= Libby Rees =

English author

Libby Rees (born 28 November 1995, Ringwood, Hampshire) is an English author. Rees wrote the book Help Hope and Happiness when she was 9 years old. The book is a self-help guide on how to cope with a parents' break up. The first edition of the book was published in 2005. Her second book, also 60 pages, was At Sixes and Sevens, about progressing from primary school to secondary school. Rees received media coverage including appearing on Richard & Judy and Good Morning America. She received three awards in 2006 for her writing and campaigning; as youth ambassador for Save the Children she was presented a special award by The Princess Royal for inspiring dramatic change in the lives of children. Rees sits on the Youth Board of the Children and Family Court Advisory and Support Service, making sure that children have a voice when it comes to representation in the courts.

== Life ==
Libby Rees wrote the book Help Hope and Happiness (ISBN 1-905517-02-5) when she was 9 years old. The book is a self-help guide on how to cope with a parents' break up. The first edition of the book was published in December 2005 by Aultbea books, who signed a three-book deal with Rees.

Her second book, also 60 pages, was At Sixes and Sevens, about progressing from primary school to secondary school.

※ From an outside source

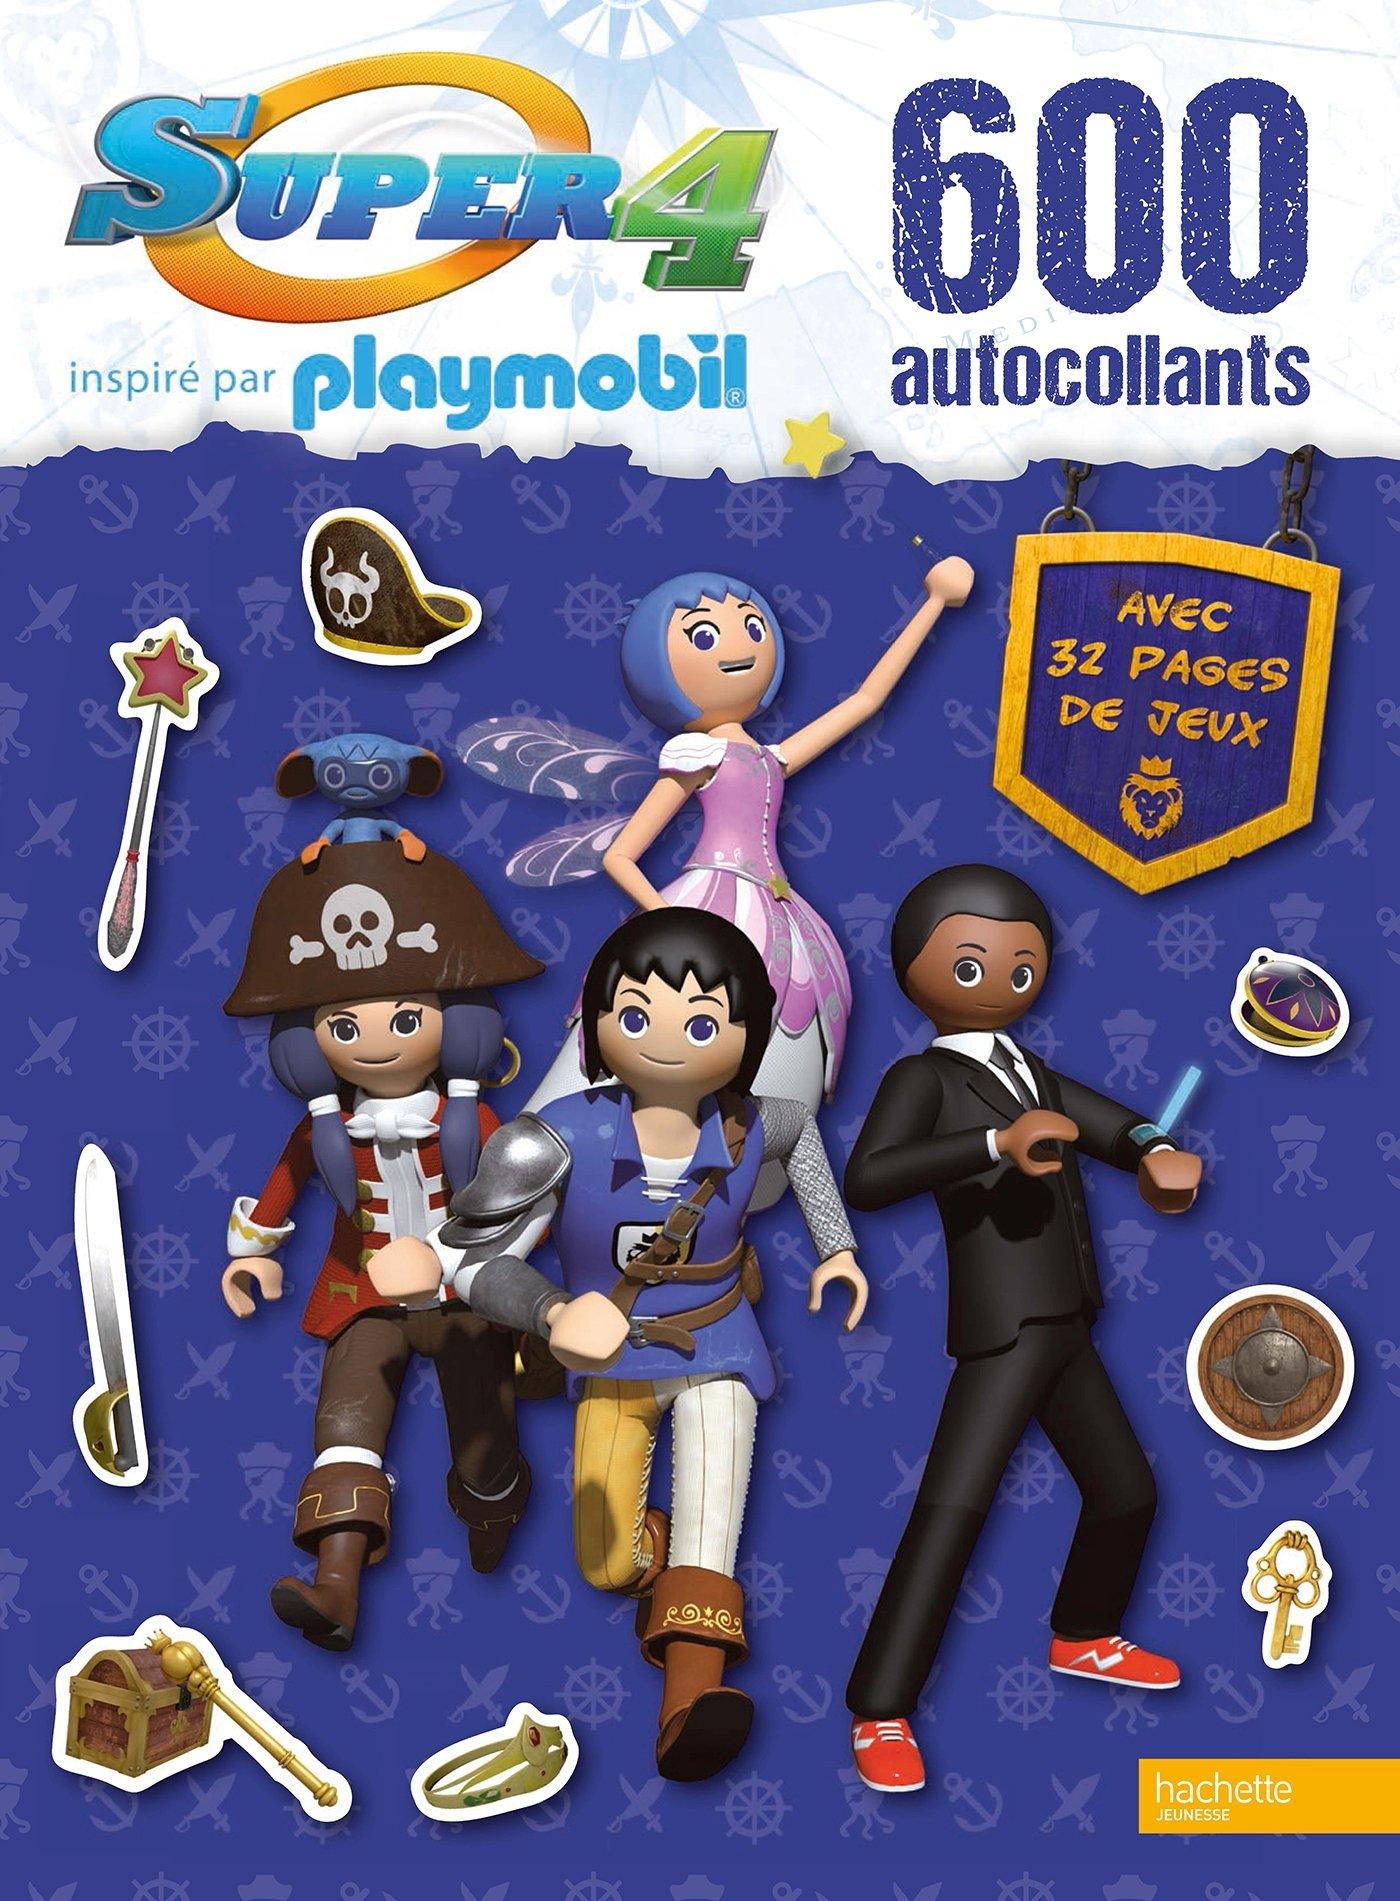 Super 4 Playmobil : 600 autocollants

Rees received media coverage including appearing on Richard & Judy and Good Morning America. She appeared on CBBC's newsroom special, The Worst Thing Ever, about divorce. She received three awards in 2006 for her writing and campaigning; as youth ambassador for Save the Children she was presented a special award by The Princess Royal for inspiring dramatic change in the lives of children.

Rees also sits on the Youth Board of the Children and Family Court Advisory and Support Service, making sure that children have a voice when it comes to representation in the courts.